Dataset Before Cleaning¶

  • Google dataset contains 23,250 data points with 7 features, while Trustpilot dataset contains 16,673 data points with 15 features.

Dataset Cleaning¶

  • Removed rows where the comments column is empty and where the language is not English.
  • Text processing steps:
    • Stopwords removed.
    • Non-alphabetic characters removed.
    • Text tokenized.

Initial Analysis After Cleaning¶

PureGym Reviews on Google¶

  • The cleaned Google dataset now has 13,898 data points.
  • Comments feature:
    • 13,492 unique words.
    • 241,042 total words.
  • Location Name feature:
    • 512 unique locations.
  • Top 10 words indicate a positive sentiment, featuring words like clean and great.
  • Word cloud analysis also suggests a positive sentiment with prominent words like nice and love.

Negative Reviews (Score < 3)¶

  • 2,785 data points classified as negative.
  • 8,414 unique words, 81,163 total words.
  • Word cloud reveals more negative words such as dirty and broken.

PureGym Reviews on Trustpilot¶

  • The cleaned Trustpilot dataset still has 16,673 data points.
  • Comments feature:
    • 12,859 unique words.
    • 277,004 total words.
  • Location Name feature:
    • 374 unique locations.
  • Top 10 words suggest a positive sentiment similar to Google reviews, with words like clean and great.
  • Word cloud is less conclusive, showing words like great and good, making it harder to determine an overall sentiment.

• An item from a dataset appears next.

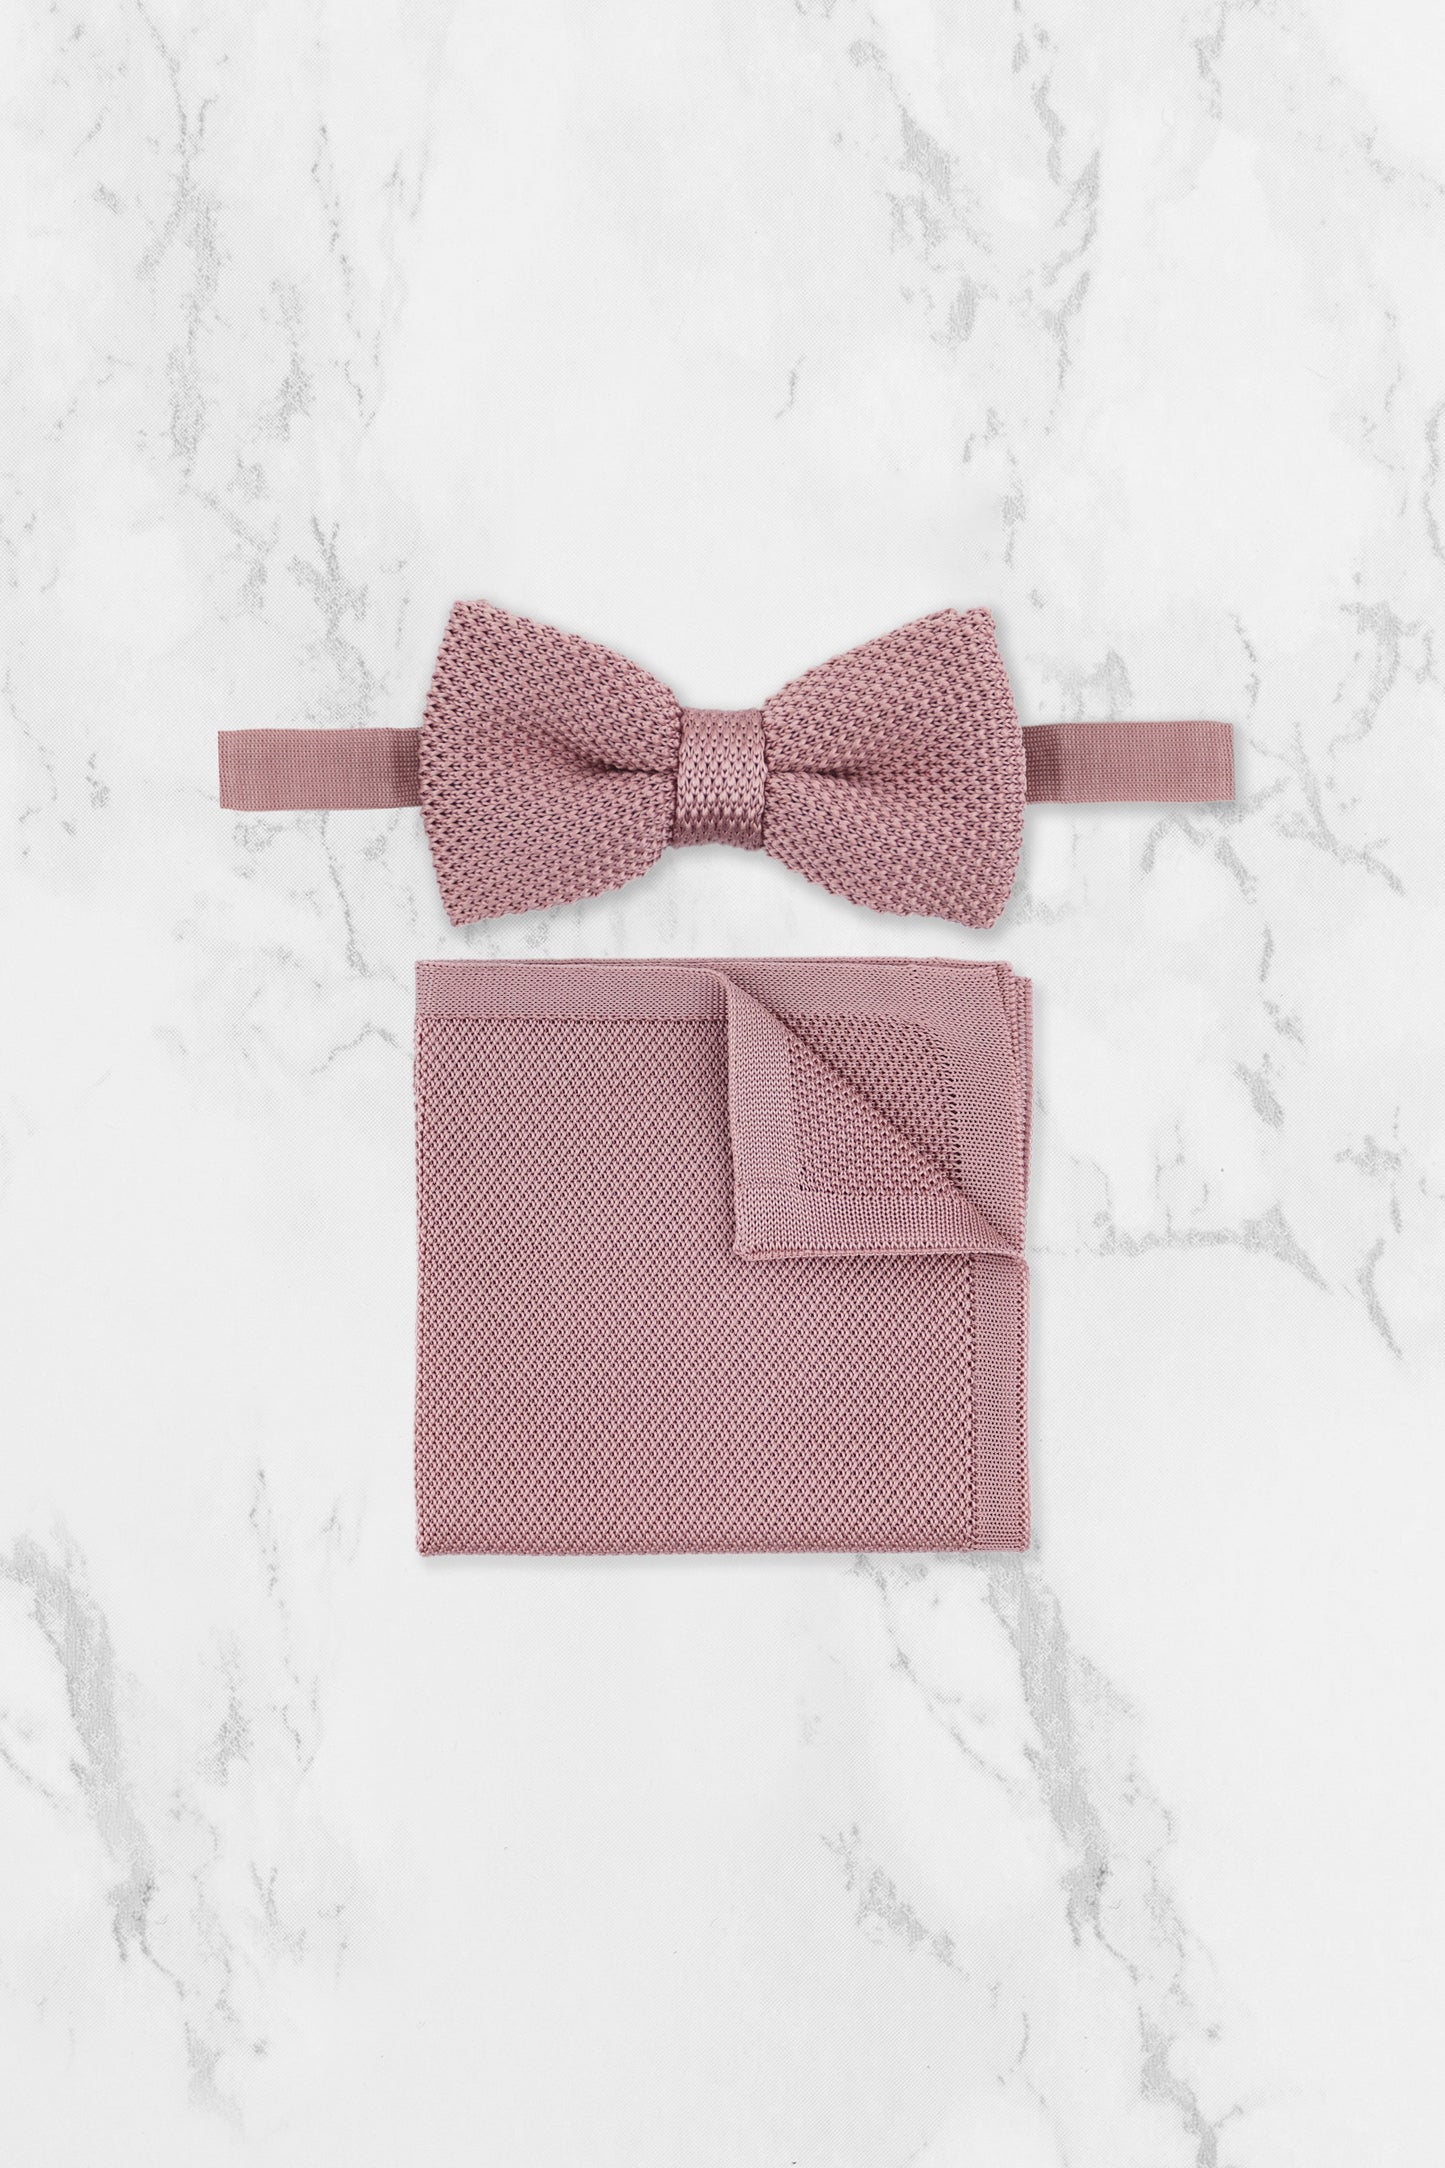 100% Polyester Knitted Bow Tie - Dusty Pink

Negative Reviews (Score < 3)¶

  • 3,543 data points classified as negative.
  • 8,410 unique words, 95,444 total words.
  • Word cloud highlights specific negative topics, such as staff and showers, which may contribute to the dissatisfaction.

Common Locations¶

  • Number of common locations between Google and Trustpilot: 312

Conducting initial topic modelling¶

In [12]:
google_neg = None
trustpilot_neg = None


for name, df in neg_dataset.items():
  if name == "google":
    google_neg = df
  else:
    trustpilot_neg = df
In [13]:
common_google = google_neg[google_neg["Location Name"].isin(trustpilot_neg["Location Name"])][["Comment","Location Name"]]
common_trustpilot = trustpilot_neg[trustpilot_neg["Location Name"].isin(common_google["Location Name"])][["Comment", "Location Name"]]
merged_data = pd.concat([common_google, common_trustpilot], ignore_index=True)
In [14]:
merged_data.shape
Out[14]:
(3888, 2)
In [37]:
def bert_modelling(data):

  data = data.copy()

  merged_neg_clean = data["Comment"].tolist()
  model = BERTopic(verbose=True)
  model.fit(merged_neg_clean)
  topics, probabilities = model.transform(merged_neg_clean)

  data["topic"] = topics

  return model, data, topics, probabilities
In [38]:
model, topics_data, topics, probabilities = bert_modelling(merged_data)
2025-04-01 03:01:29,078 - BERTopic - Embedding - Transforming documents to embeddings.
Batches:   0%|          | 0/122 [00:00<?, ?it/s]
2025-04-01 03:01:31,289 - BERTopic - Embedding - Completed ✓
2025-04-01 03:01:31,290 - BERTopic - Dimensionality - Fitting the dimensionality reduction algorithm
2025-04-01 03:01:54,395 - BERTopic - Dimensionality - Completed ✓
2025-04-01 03:01:54,396 - BERTopic - Cluster - Start clustering the reduced embeddings
2025-04-01 03:01:54,540 - BERTopic - Cluster - Completed ✓
2025-04-01 03:01:54,544 - BERTopic - Representation - Fine-tuning topics using representation models.
2025-04-01 03:01:54,694 - BERTopic - Representation - Completed ✓
Batches:   0%|          | 0/122 [00:00<?, ?it/s]
2025-04-01 03:01:55,924 - BERTopic - Dimensionality - Reducing dimensionality of input embeddings.
2025-04-01 03:01:55,936 - BERTopic - Dimensionality - Completed ✓
2025-04-01 03:01:55,937 - BERTopic - Clustering - Approximating new points with `hdbscan_model`
2025-04-01 03:01:56,069 - BERTopic - Cluster - Completed ✓
In [40]:
def bert_visuals(bert_model):

  print(f"Total number of topics: {len(bert_model.get_topics())}")
  topic_freq = bert_model.get_topic_freq()
  print(f"Outliers:\n {topic_freq[topic_freq['Topic'] == -1]} \n")
  print(f"Top topics along with their document frequencies: \n {topic_freq[topic_freq['Topic'] != -1].head(10)} \n")
  top_2_topics = topic_freq[topic_freq['Topic'] != -1].head(2)["Topic"].tolist()
  for tp in top_2_topics:
    print(f"Topic {tp} has the following top words: \n {bert_model.get_topic(tp)} \n")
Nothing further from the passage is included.